Le cabinet Henley & Partners a publié en mai le Global Investment Risk Index 2026, son classement mondial évaluant les risques et la résilience des économies pour les investisseurs internationaux. Une bonne nouvelle pour l’Afrique : le continent passe de 3 à 9 pays dans le Top 100 mondial. Le Togo, quant à lui, se positionne à la 124e place mondiale, soit une progression significative sur le continent.
Le classement 2026 intègre les répercussions des chocs économiques récents : ralentissement mondial, tensions géopolitiques, volatilité financière, pressions inflationnistes et risques climatiques. Un contexte difficile qui n’a pas empêché plusieurs économies africaines de progresser.
L’Afrique progresse, Maurice en tête du Global Investment Risk Index 2026
Sur le continent africain, Maurice reste l’économie la mieux classée, passant de la 83e place mondiale en 2025 à la 61e en 2026. Elle devance la Tanzanie (62e) et le Botswana (63e). Ces trois pays, les seuls africains présents dans le Top 100 en octobre 2025, sont désormais rejoints par les Seychelles (79e), le Cap-Vert (88e), la Namibie (90e), l’Afrique du Sud (95e), le Maroc (98e) et le Rwanda (100e).
Une progression remarquable qui témoigne des réformes engagées et de l’attractivité croissante du continent pour les investisseurs étrangers.
Où se situe le Togo ?
Le Togo occupe la 124e place mondiale avec un score de 52,82 points, selon les données du classement. Il se positionne devant des pays comme la Guinée (125e), le Cameroun (126e) ou le Sénégal (128e), mais derrière le Bénin (118e), le Gabon (109e) ou la Tunisie (111e).
Le pays partage plusieurs caractéristiques avec les économies africaines les mieux classées : une relative stabilité institutionnelle, une ouverture économique et une diversification progressive des revenus. Cependant, comme beaucoup de ses voisins, il reste pénalisé par la faiblesse des infrastructures, un endettement élevé et une vulnérabilité aux chocs extérieurs.

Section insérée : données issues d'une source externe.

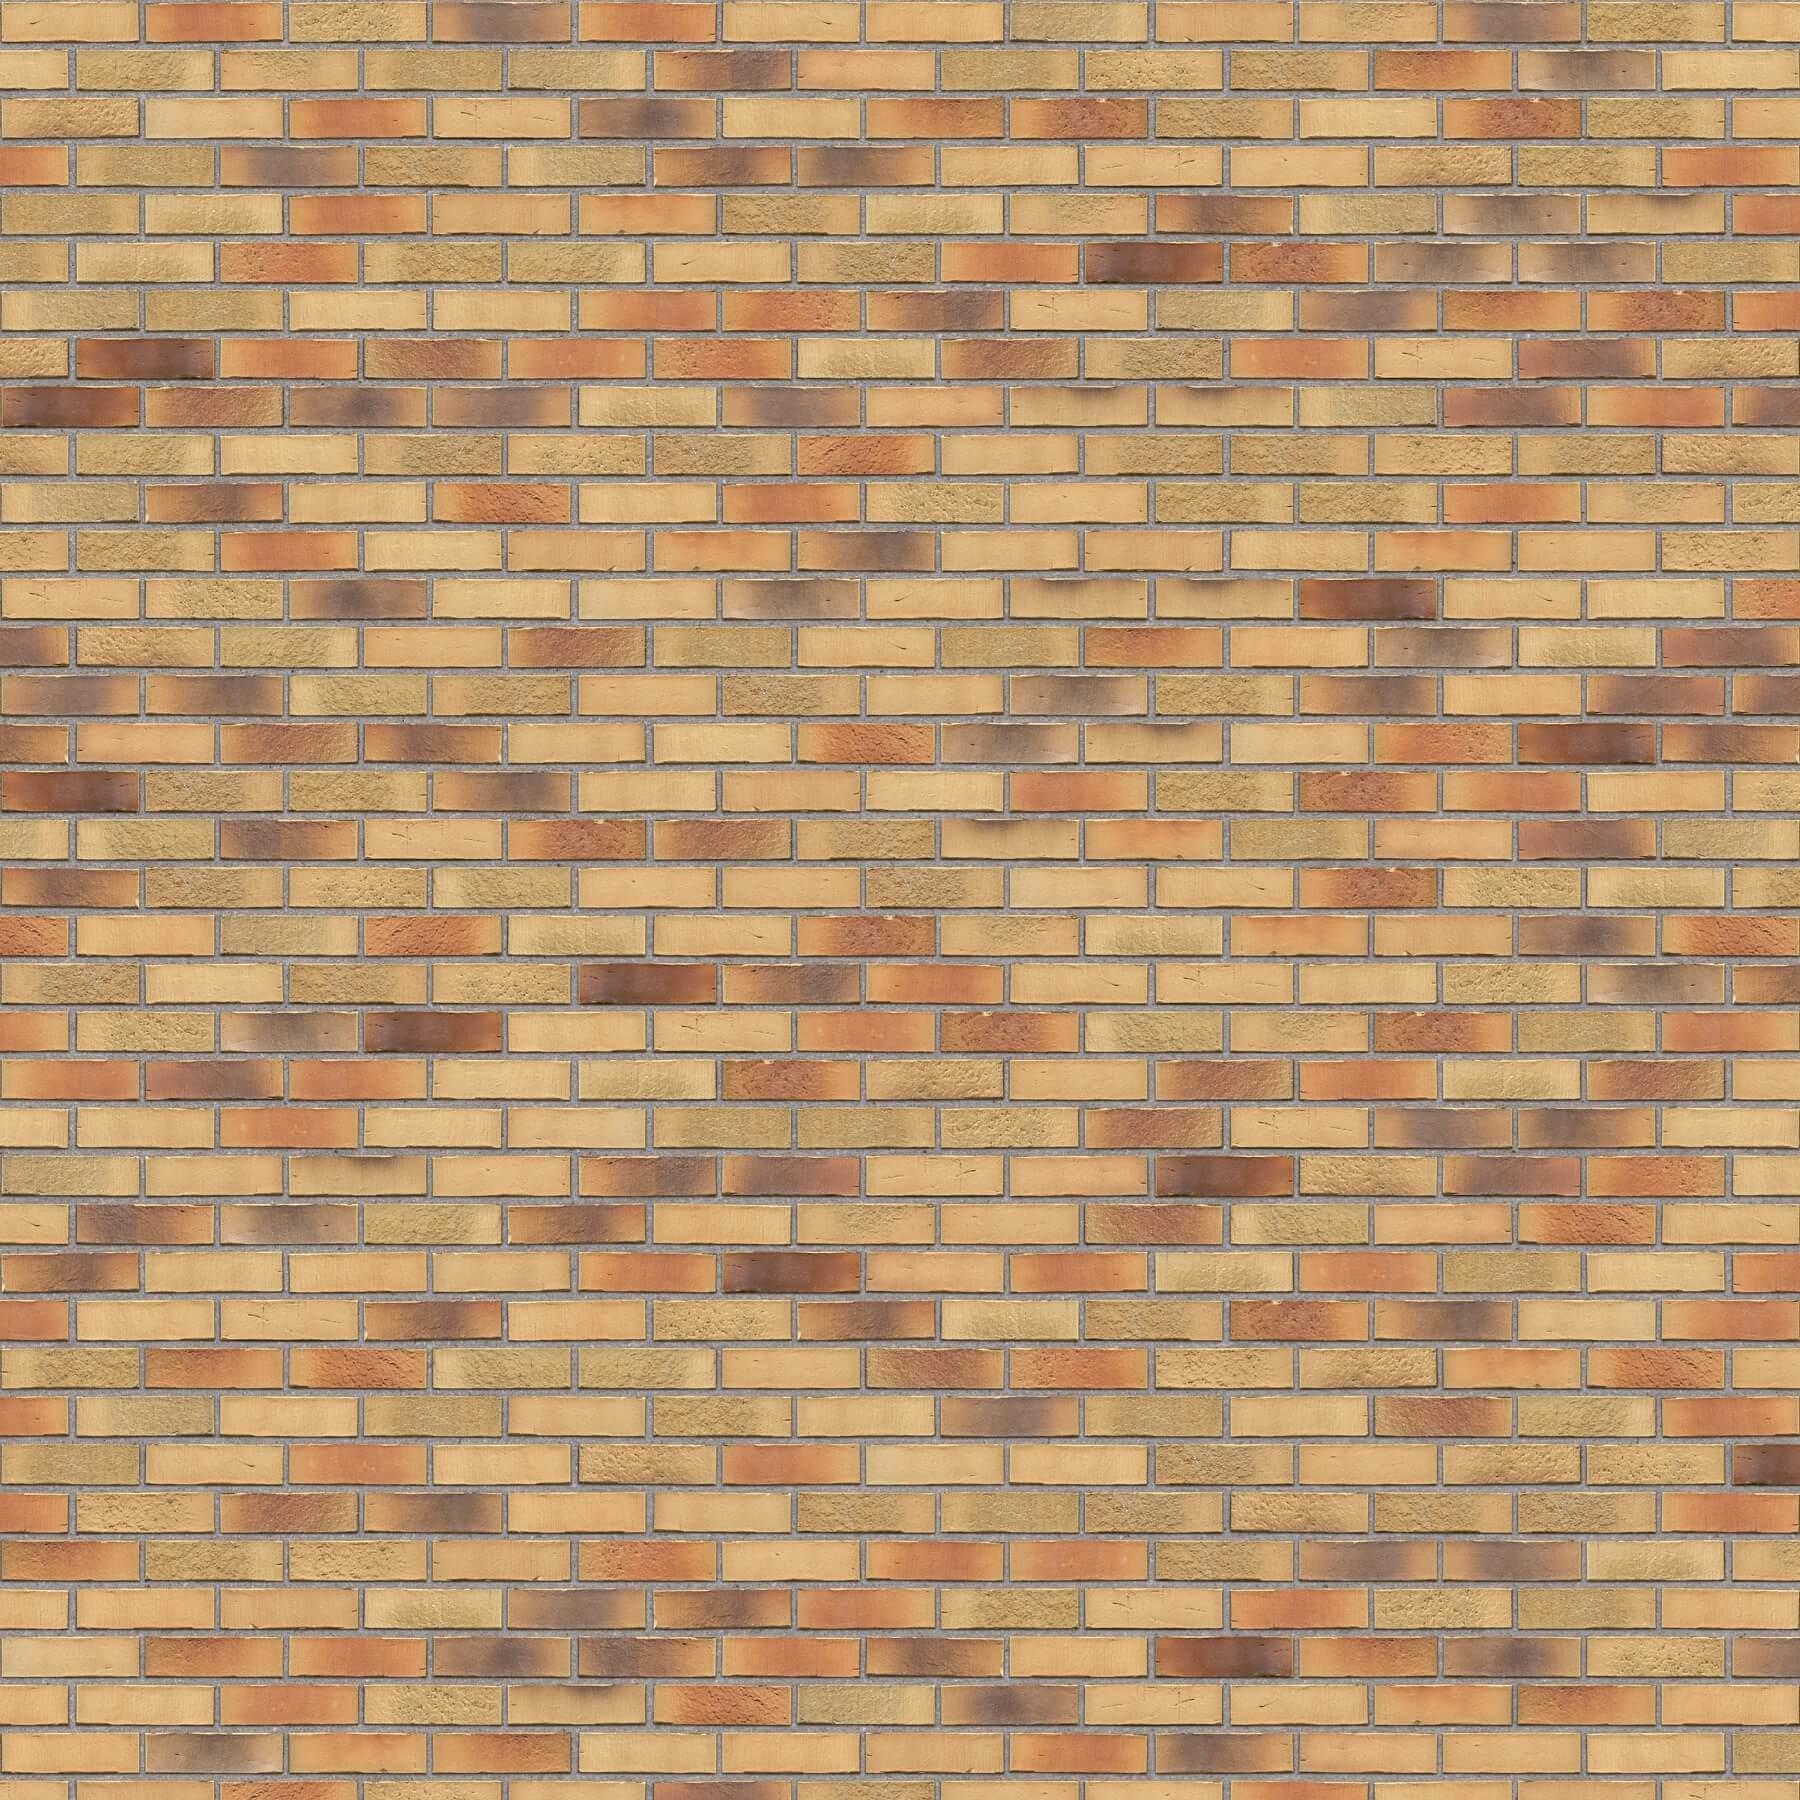 Puna-cigla-FeldHaus-Klinker-brick-house-beograd-nf-k-915-Siva Fuga

Les écarts de résilience économique persistent
Le classement repose sur plusieurs critères : stabilité macroéconomique, gouvernance, solidité financière, résilience climatique, attractivité des investissements et capacité d’adaptation face aux crises. Les économies africaines les mieux classées partagent une diversification accrue des revenus et une dépendance plus limitée aux matières premières.
À l’inverse, plusieurs grands marchés du continent, dont le Nigeria (147e), le Ghana (140e) ou l’Égypte (141e), restent pénalisés par l’inflation, les tensions sur le marché des changes, les défis sécuritaires ou la faiblesse des infrastructures.
Un contexte favorable aux investissements
Cette progression de l’Afrique dans le classement intervient dans un contexte où de nombreux pays du continent cherchent à attirer davantage d’investissements directs étrangers. L’objectif : soutenir l’industrialisation, le développement des infrastructures et la transition énergétique.
Les agences de notation et les investisseurs accordent une attention croissante à la capacité des États à renforcer leur résilience économique et institutionnelle face aux crises mondiales. Une dynamique dont le Togo, malgré sa position encore modeste, entend profiter pour améliorer son attractivité et son classement dans les années à venir.